Well, if we were to double click on some of these reports, we’d see the oldest sector of the world population is by no means the stereotype we have made them out to be. Our contemporary societies continue to glorify the youth and pigeon hole our seniors as hostile, grumpy, intolerable, weak or sick. Without actively meaning to do so we as companies, as brands, as a societies as whole even, are discarding the importance of this sector prematurely. Even economists have their dependency ratio model, which basically states that prior to the age of 65 you contribute to the economy, and after this age you merely detract from it.


However, the power of active minorities as catalysts for new ways of thinking and for change, have been the focus of sociological research for years. Yet whether or not we consider seniors as a minority group, or whether we discriminate against them as marketeers, what can’t be denied is the power of the senior vote and the influence it has had in shaping the world today. Cited as huge factors behind the success of Brexit and Trump’s presidency, they have dispelled the notion that they have no voice quite spectacularly.


Whilst they have managed to dismiss the notion that they have no voice, their contribution to these political movements has done little to dispel their billing as burdens to society. The challenge of the older generations then, is to recuperate their forgotten status as accumulators of wisdom, as relics to be cherished, and to transcend their symbols of death and extinction.

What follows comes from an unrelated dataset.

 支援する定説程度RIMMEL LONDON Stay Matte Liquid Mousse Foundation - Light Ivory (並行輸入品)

We are currently witnessing the effects of this intergenerational clash and the attempts from both sides to reconcile the fractured and withered relationship. We are seeing it manifested more and more in different ways: like the insistence from the over 50s for fair hiring, or the growing trend of young people looking to lodge with older housemates, being but a couple of examples.
The time has come for companies to find some common ground between generations, to include seniors within their teams, and to communicate it so that everyone knows about it. The benefits of doing so could be huge, with both young and old people looking for some common ground and a reason to be optimistic. This presents exciting and fertile territory for brand communication that could reach across the generational divide and have an impact on both sides.

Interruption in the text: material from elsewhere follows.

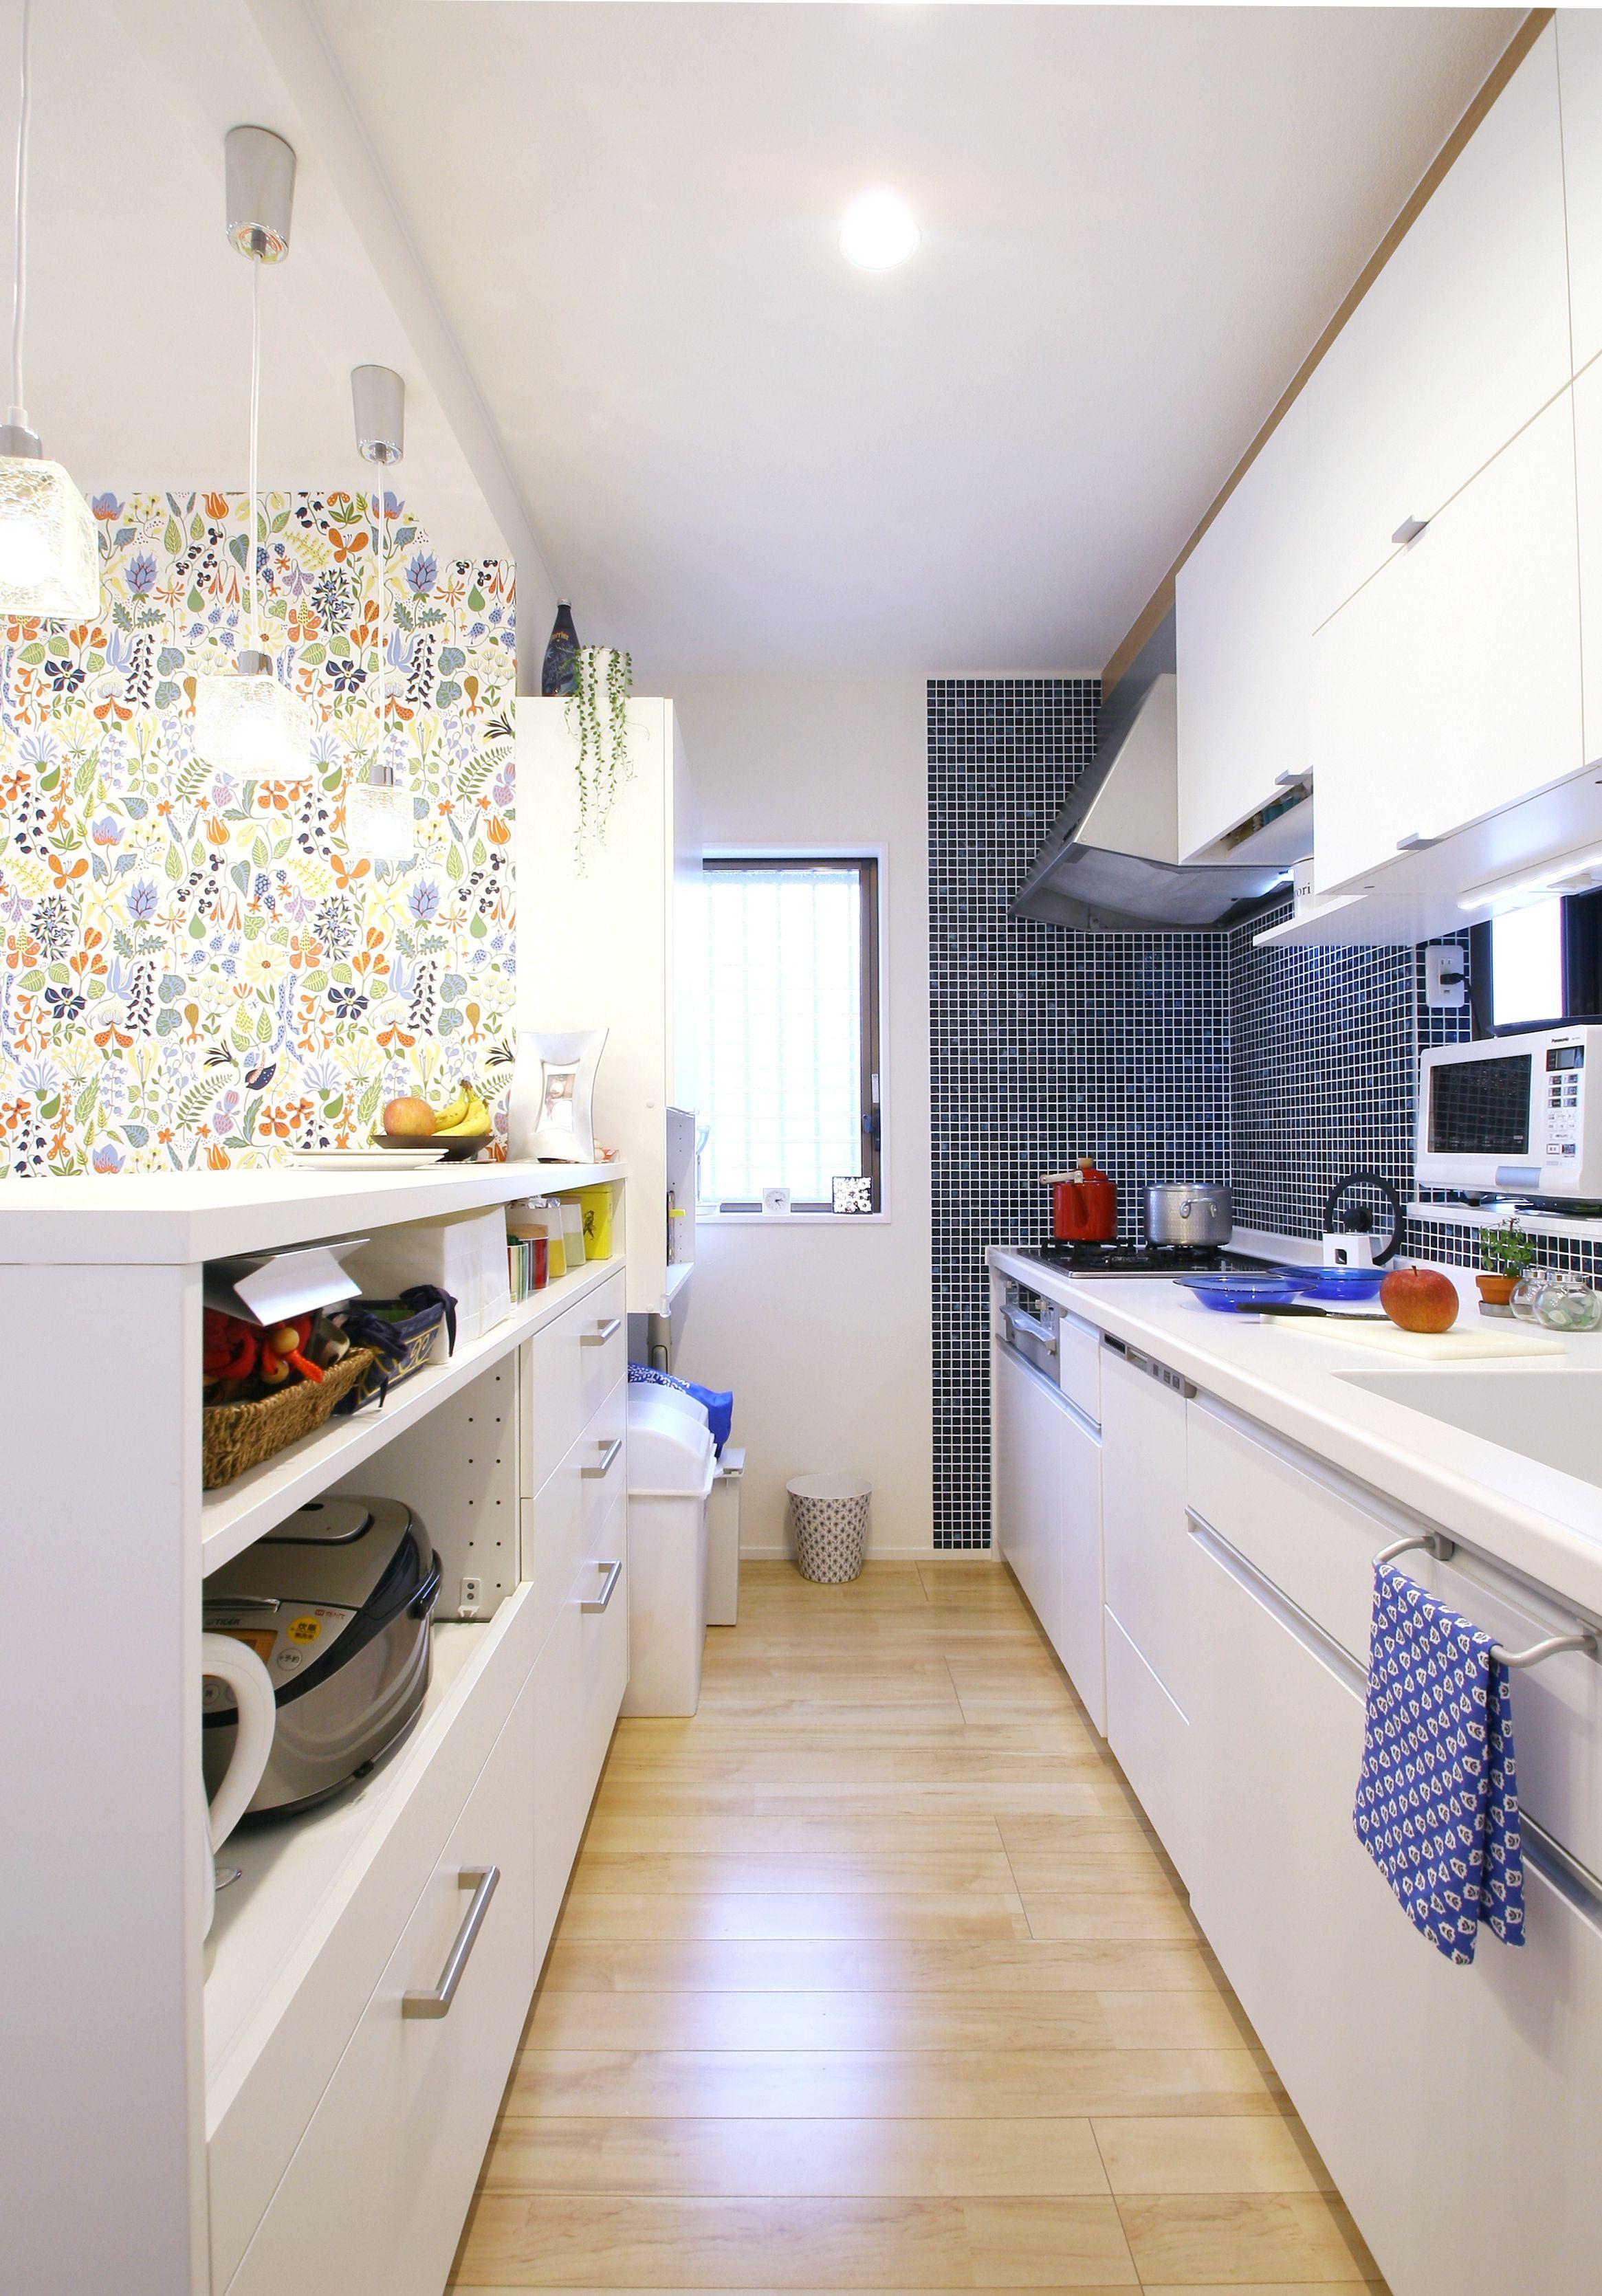 Nett Traumküchen Madison Wi Ideen - Küchen Design Ideen ...

In marketing we are taught to look beyond just our immediate sphere of influence and consider the dangers of outsiders or smaller players who could one day eat away at our market position. However, what isn’t as readily discussed, is why we have a fixation with certain targets, namely Millennials, whilst ignoring others, like the ageing population, who can turn out to have a much greater influence than we perhaps ever thought. In this ever changing world where the trend is to “produce trends” we also face the danger of ignoring them, keep that in mind!